__ABOUT THIS EXERCISE__: The material below has pictures in it. Set down only the lines from the line containing "Proud Correction Officer" through the line containing "A group of women", word for word, and leave the pictures behind.

__INFORMATION SUPPLIED__:
————

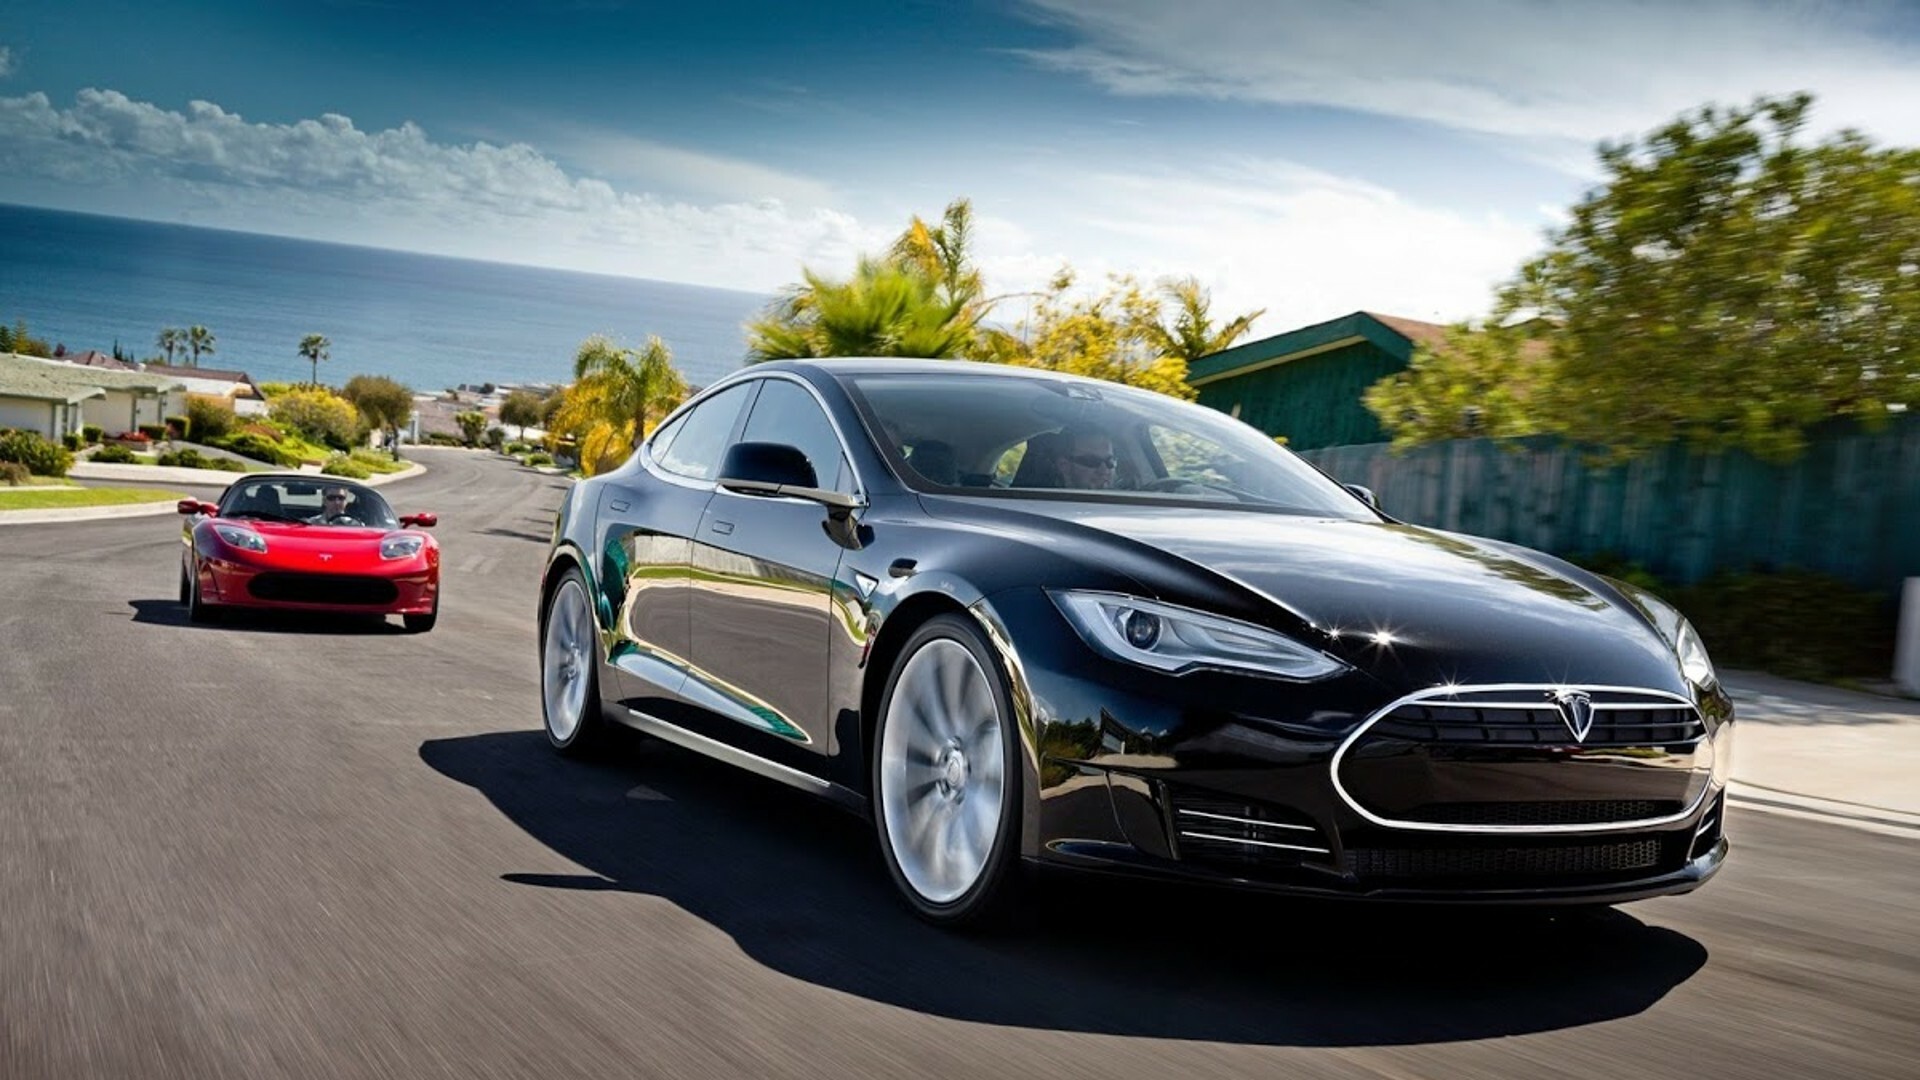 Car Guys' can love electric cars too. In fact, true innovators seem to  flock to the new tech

————

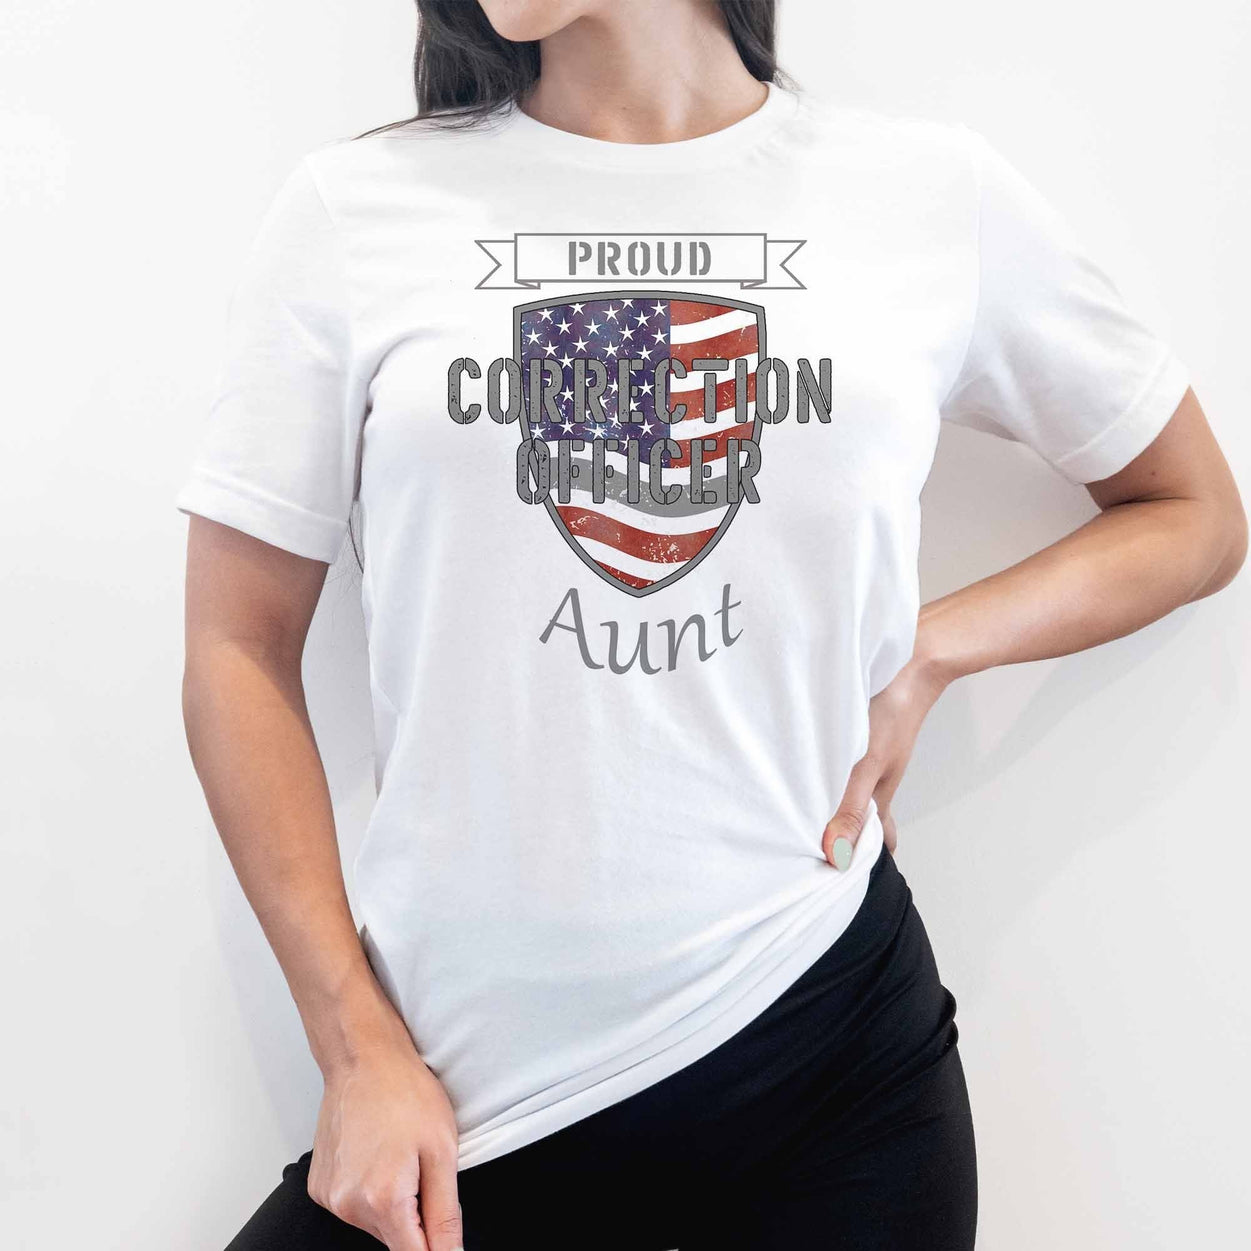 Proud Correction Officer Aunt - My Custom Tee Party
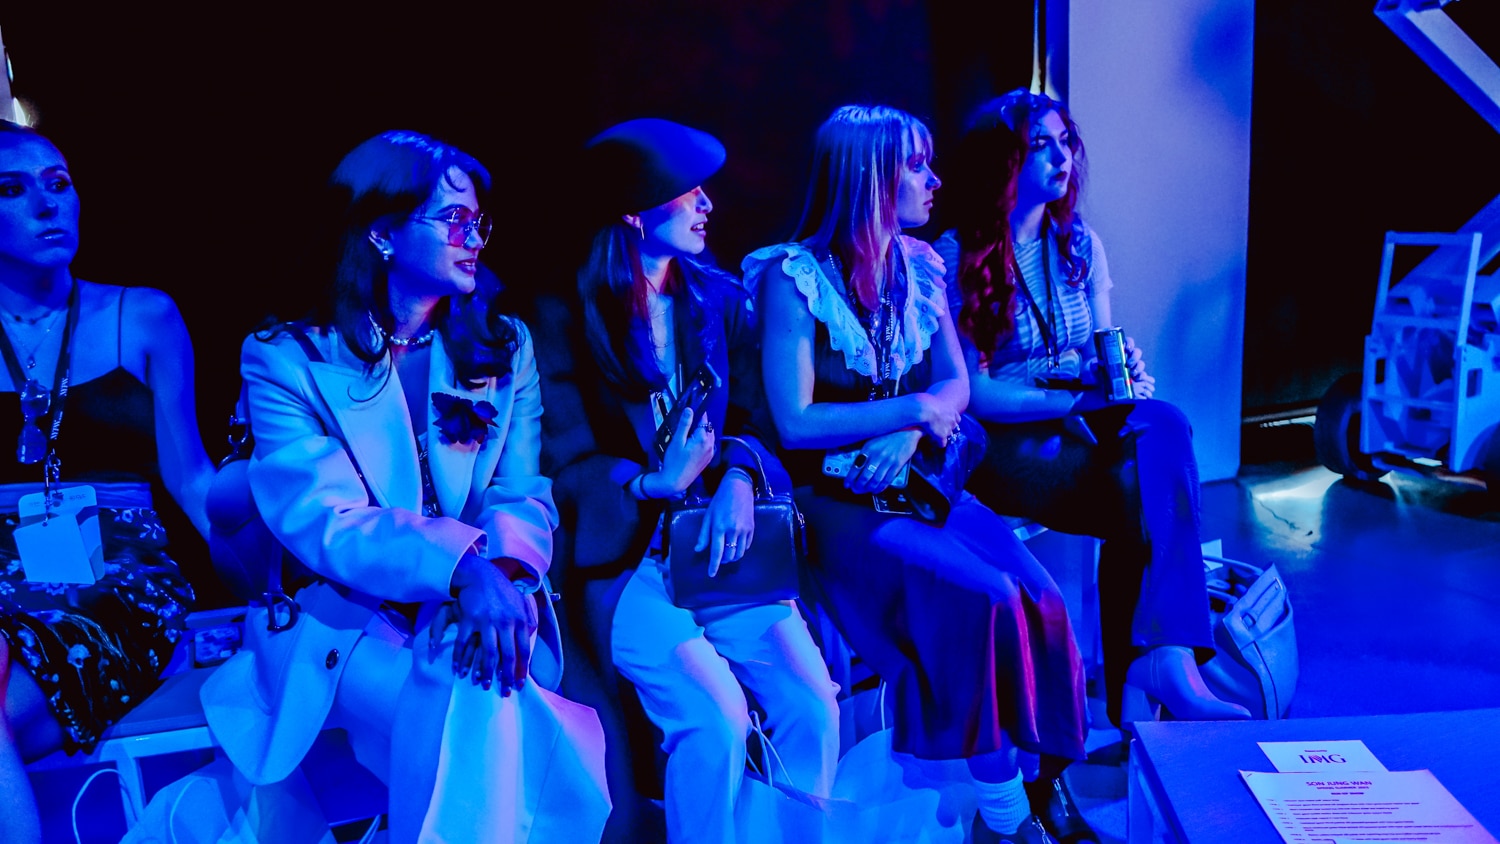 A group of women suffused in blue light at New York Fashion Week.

————

__EXERCISE OUTPUT__:
 Proud Correction Officer Aunt - My Custom Tee Party
 A group of women suffused in blue light at New York Fashion Week.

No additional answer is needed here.